Managing context has always been a challenge, with trade-offs between retrieval, compression, and reasoning depth. What Anthropic describes here hints at what the future may look like: LLMs that don’t just know how much context remains, but can eventually manage it themselves.

‍

Tools that extend and control context

Now for the context-engineering-related enhancements that aren’t baked-in but rather are exposed via tools in the API.

Memory

The memory tool from Anthropic (example below) lets Claude store and retrieve information across conversations through external files. More or less like giving Claude a scratchpad to read and write to.

The model chooses when to create, read, update, and delete files that persist across conversations. This allows it to build context over time in a file directory it can access when necessary, rather than keeping everything in the context window.

Without this, you’d need to choose between two bad options: stuff everything into the prompt (and risk hitting context limits: Why Long Context Windows Still Don't Work) or build out your own memory management system.

The memory tool abstracts all of that away. Plus, Claude has been trained to use this tool effectively, so it actually improves reasoning continuity rather than just extending context.

Context Editing

Also from Anthropic, context editing allows you to clear old tool results from earlier in the conversation. For now, it’s limited to only clearing tool results, but you can imagine how this could expand in the future.

When your input grows past a set threshold (say, 100k tokens), the API can automatically clear old tool results and replace them with placeholders, signaling to Claude that the context was trimmed.

‍

Context editing graphic before and after

‍

You still have to manage other portions of the context, like messages, but the context editing tool is a step in the direction of built-in tooling to help manage context across a whole agentic interaction.

Prompt Caching

Prompt caching straddles the line between built-in and added-on features, since different providers handle it differently. For example, OpenAI manages prompt caching automatically, while Anthropic requires you to add a bit of code to your request to enable caching.

(More on prompt caching here: Prompt Caching with OpenAI, Anthropic, and Google Models).

Token Tracking

The last piece of Anthropic’s new toolset is built-in token awareness. While still light on public detail, this feature tracks available tokens throughout a session, giving both developers and the model a real-time sense of how much context space remains.

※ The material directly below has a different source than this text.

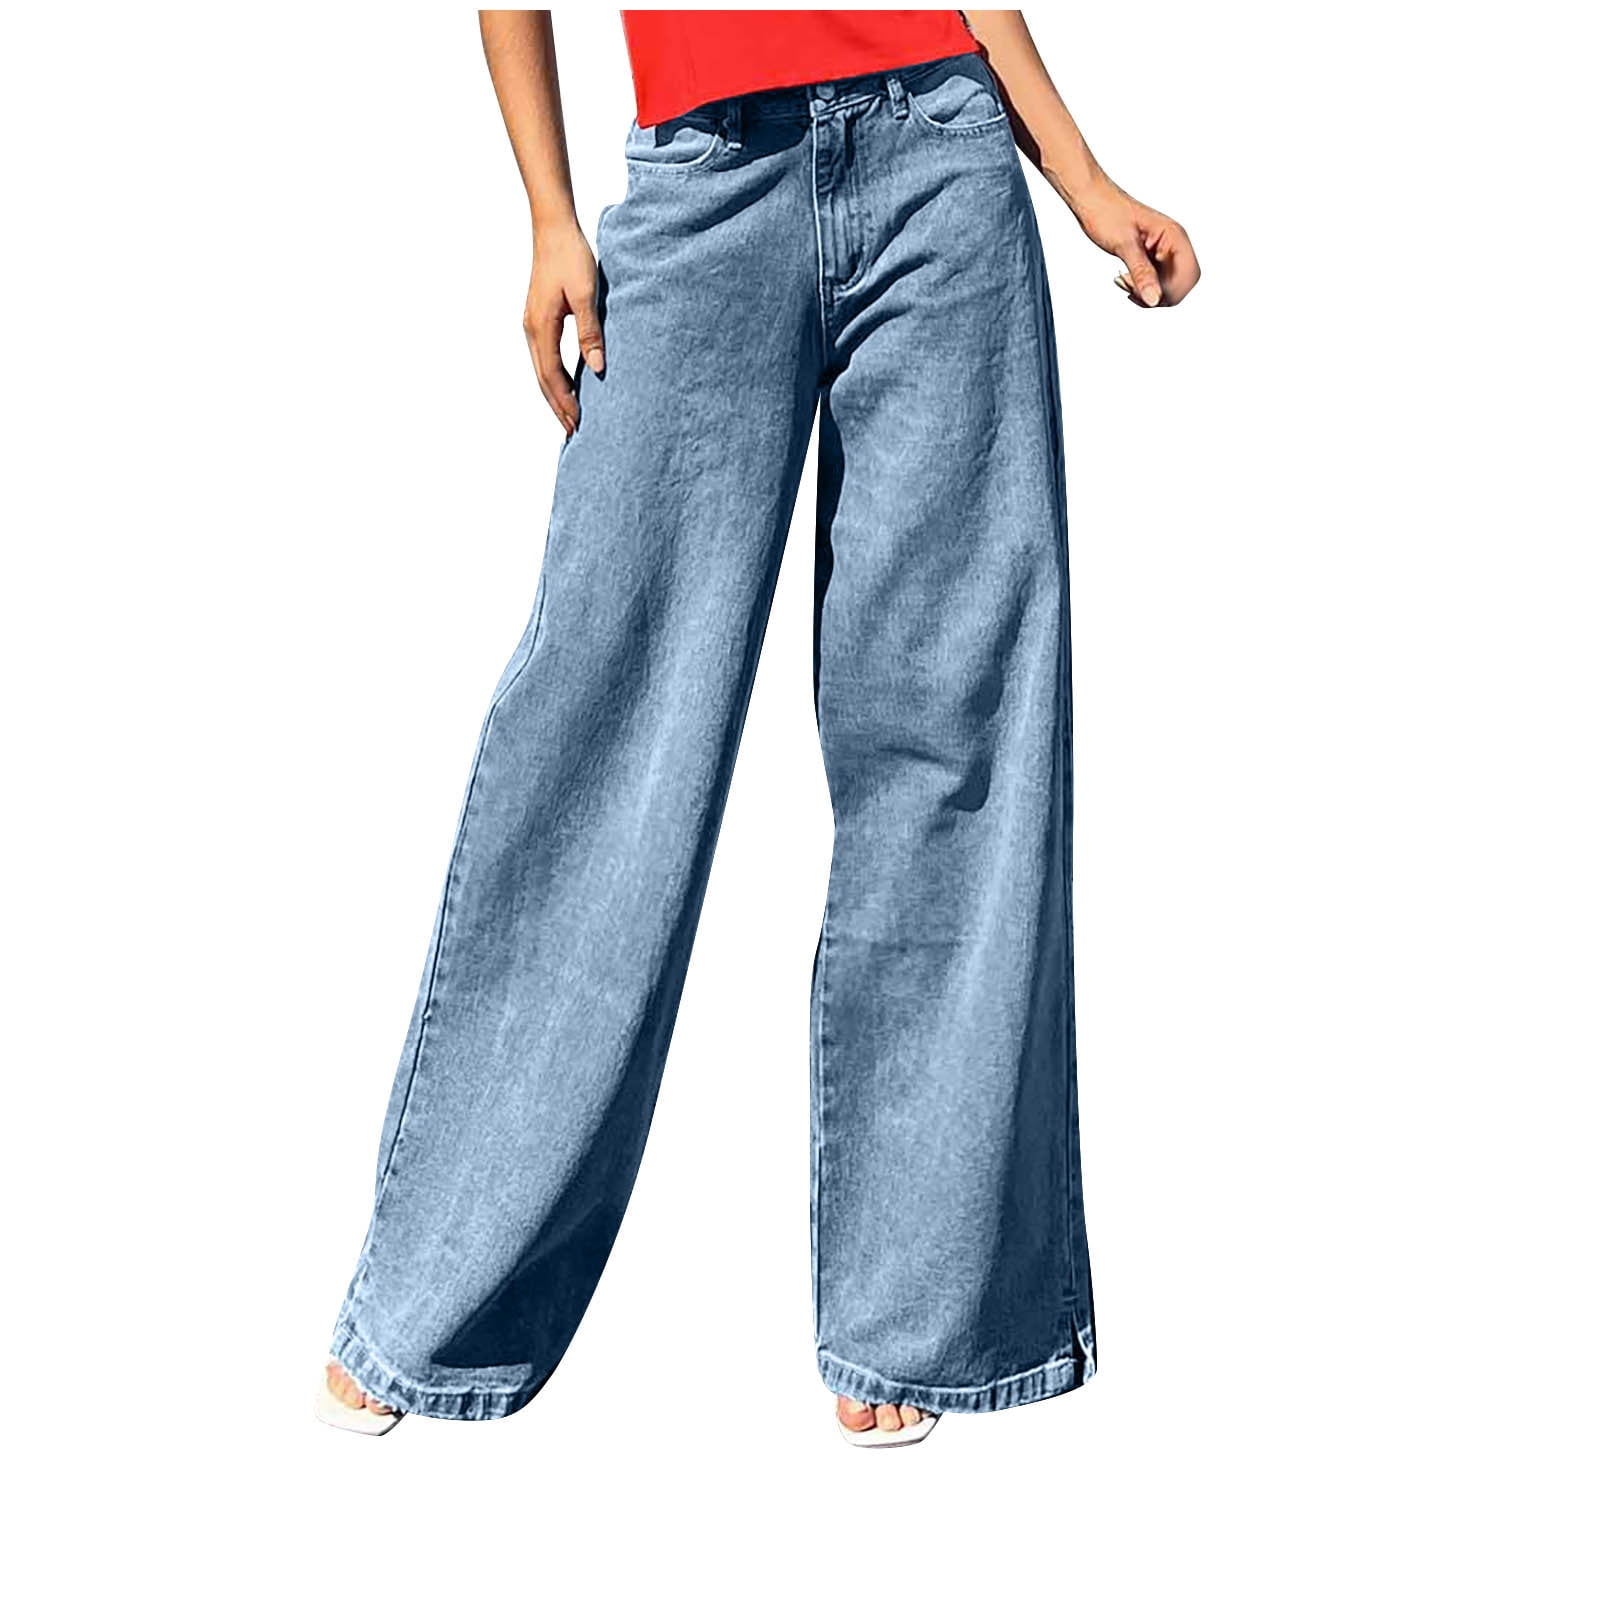 Girl Elastic Waist Loose Fit Jeans Denim Pants Wide Leg Long Casual Trousers

Although it ties directly into memory and context editing, it can also support other use cases.

Retrieval (OpenAI)

Last year, OpenAI introduced a Retrieval API that lets developers store and retrieve information directly from a managed file store. It's essentially a built-in RAG system.

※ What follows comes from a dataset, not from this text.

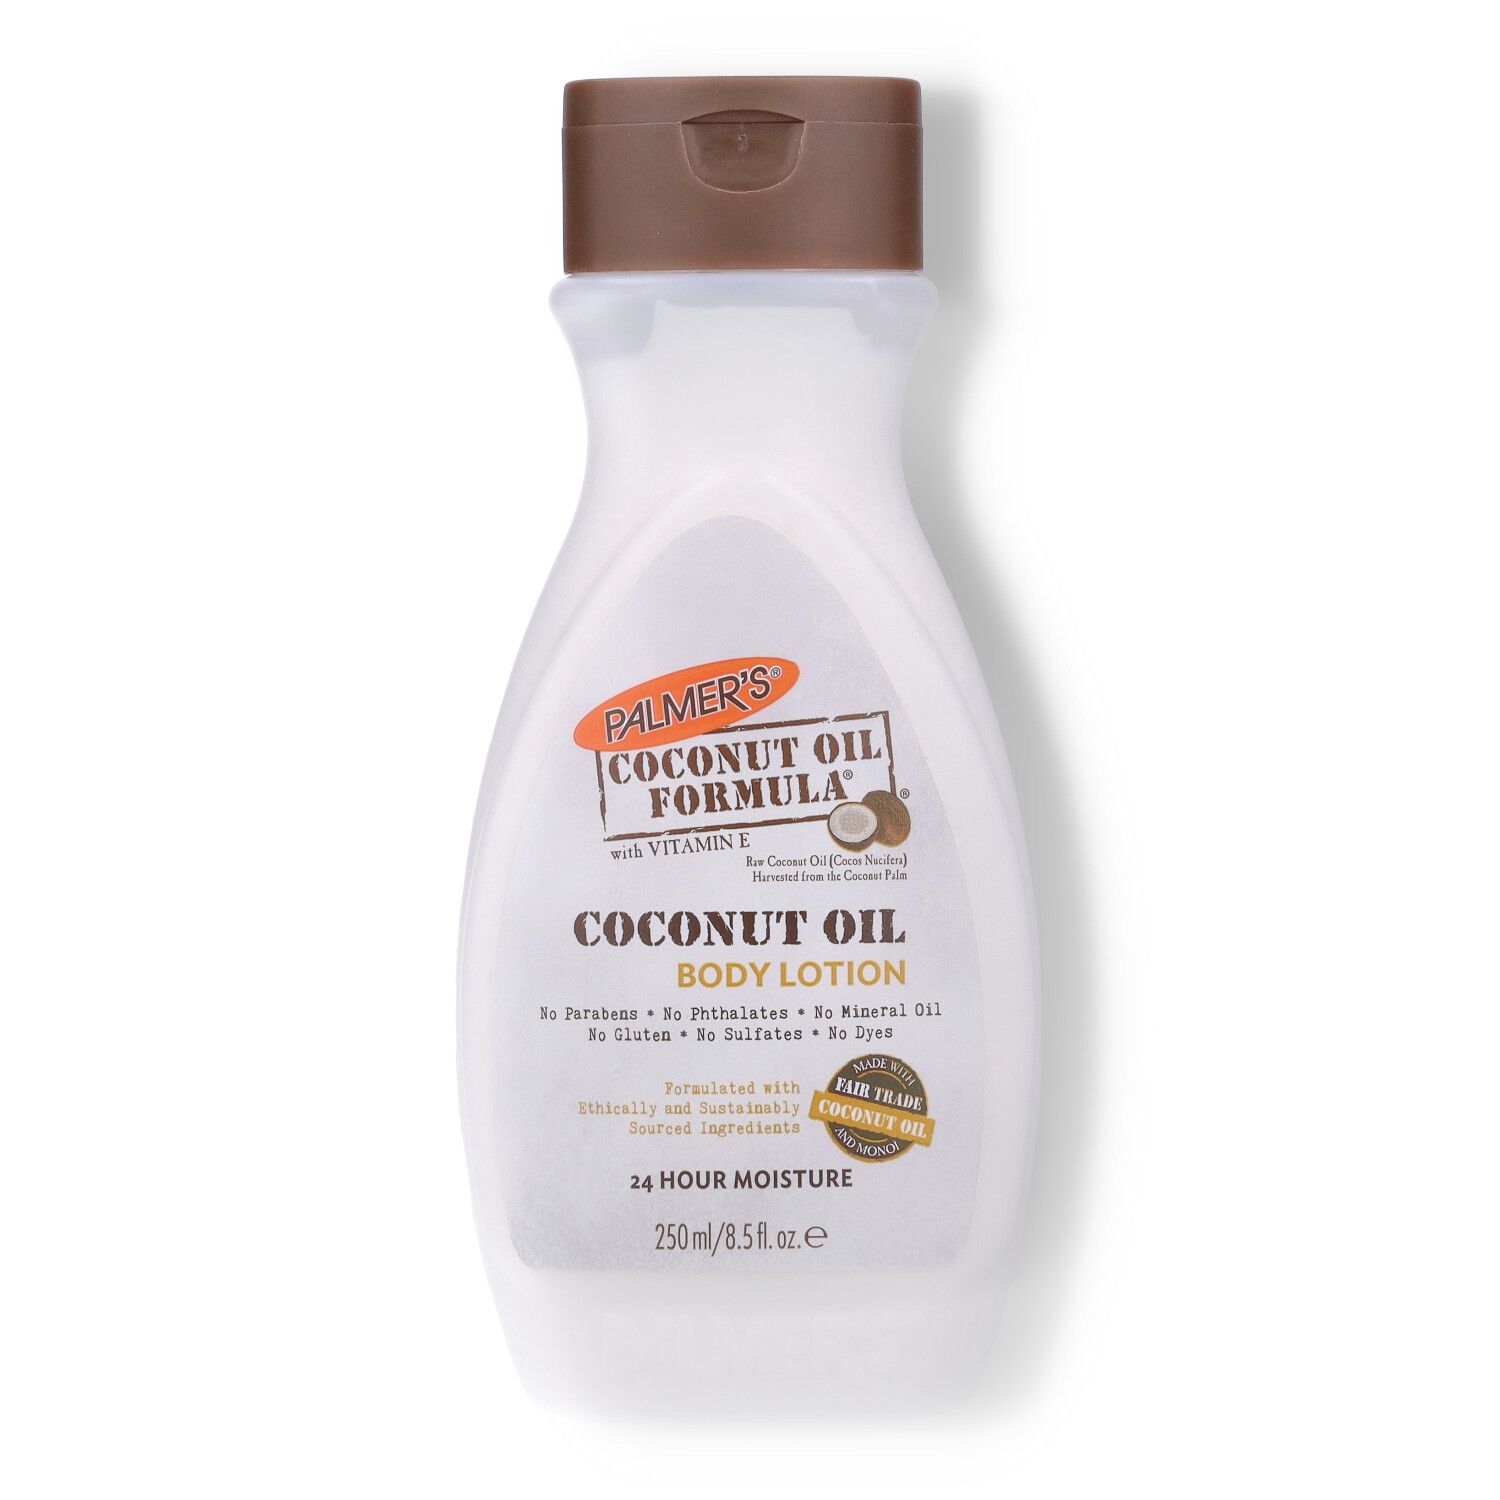 Palmer's Coconut Oil Formula Body Lotion - 250ml

Instead of maintaining your own vector database and retrieval pipeline, you can now upload documents and let OpenAI handle indexing, search, and context injection automatically.

The blurring line

What’s interesting is that providers are now training their models to use these tools effectively. The boundary between what’s baked in and what’s tooled on is becoming increasingly fuzzy.

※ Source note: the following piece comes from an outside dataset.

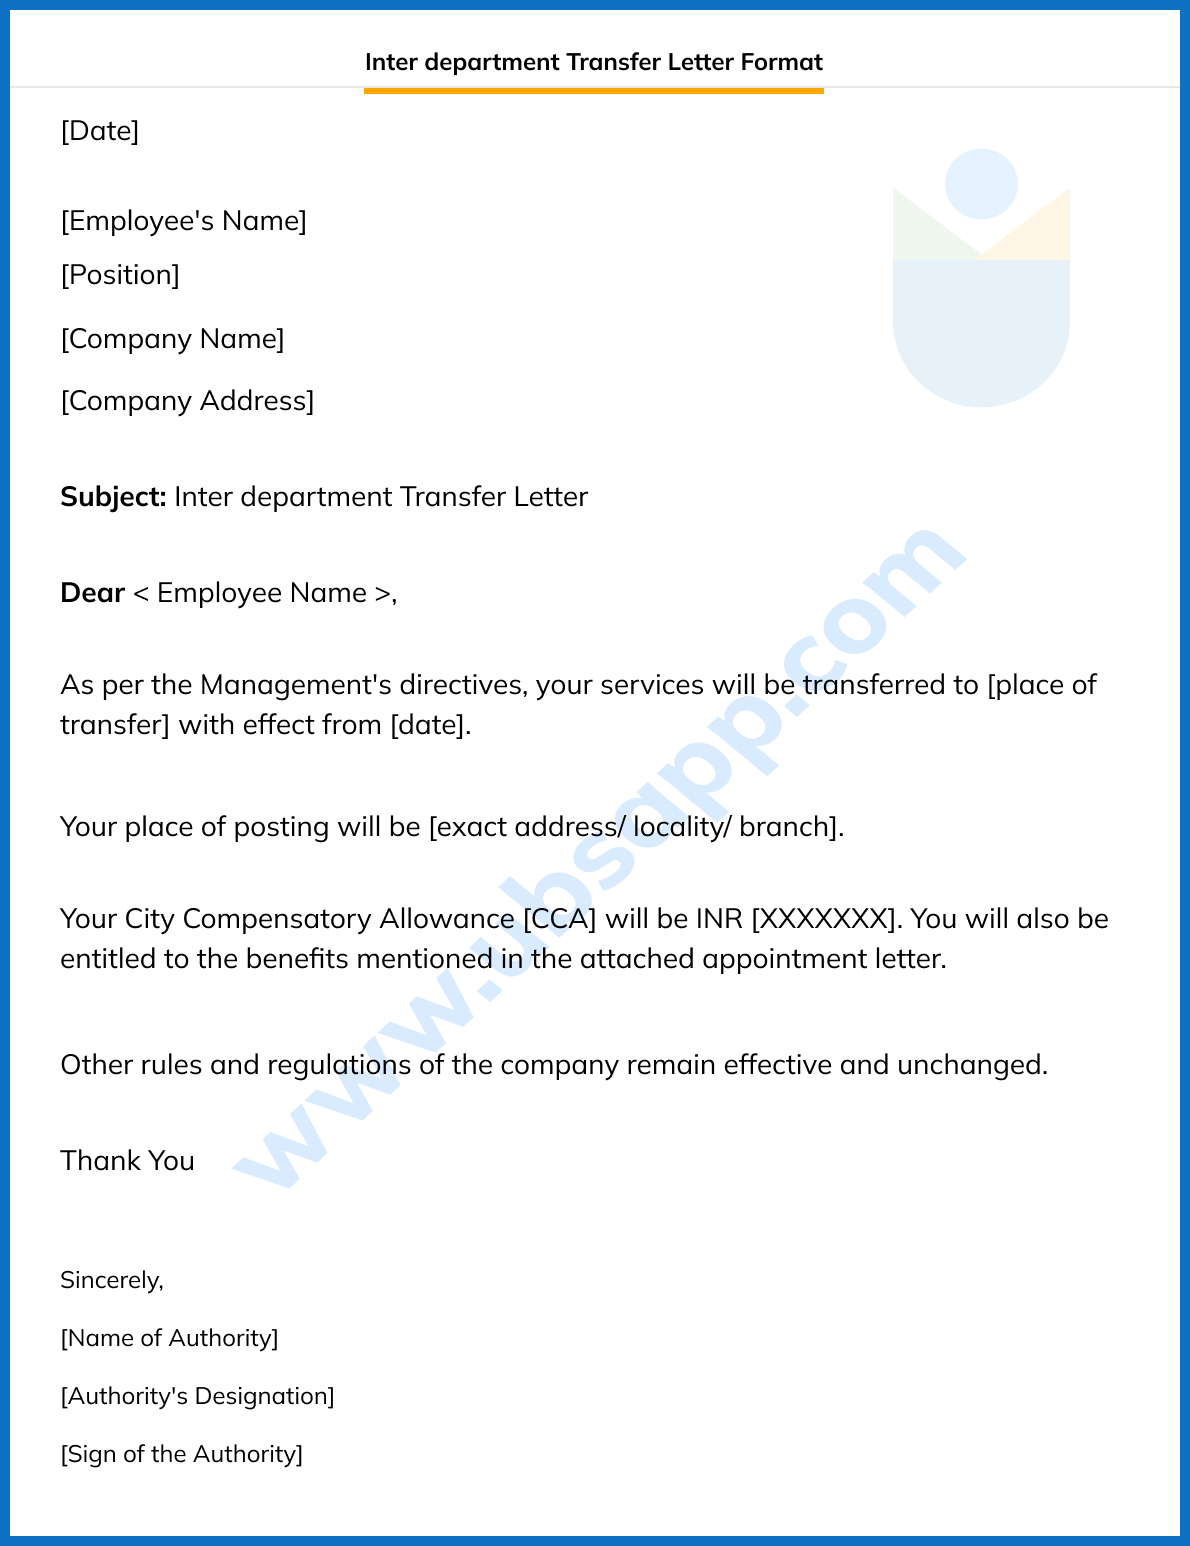 Inter department Transfer Letter Format

While these features are powerful, they still don’t cover everything in the context engineering stack. As they continue to improve, developers will spend less time building infrastructure and more time shaping how models think and interact.

Conclusion

The shift happening right now is simple but impactful: context management, the hardest part of building with LLMs, is steadily moving upstream.

Model providers are baking in reasoning (like Chain of Thought) and training models to understand their own context windows. They’re also shipping tools that handle the rest: memory, retrieval, context editing, caching, token tracking. What used to take entire pipelines now takes a few API parameters.

Context engineering has gone from infrastructure to design.

And as the stack keeps moving upstream, that’s where the real leverage will be.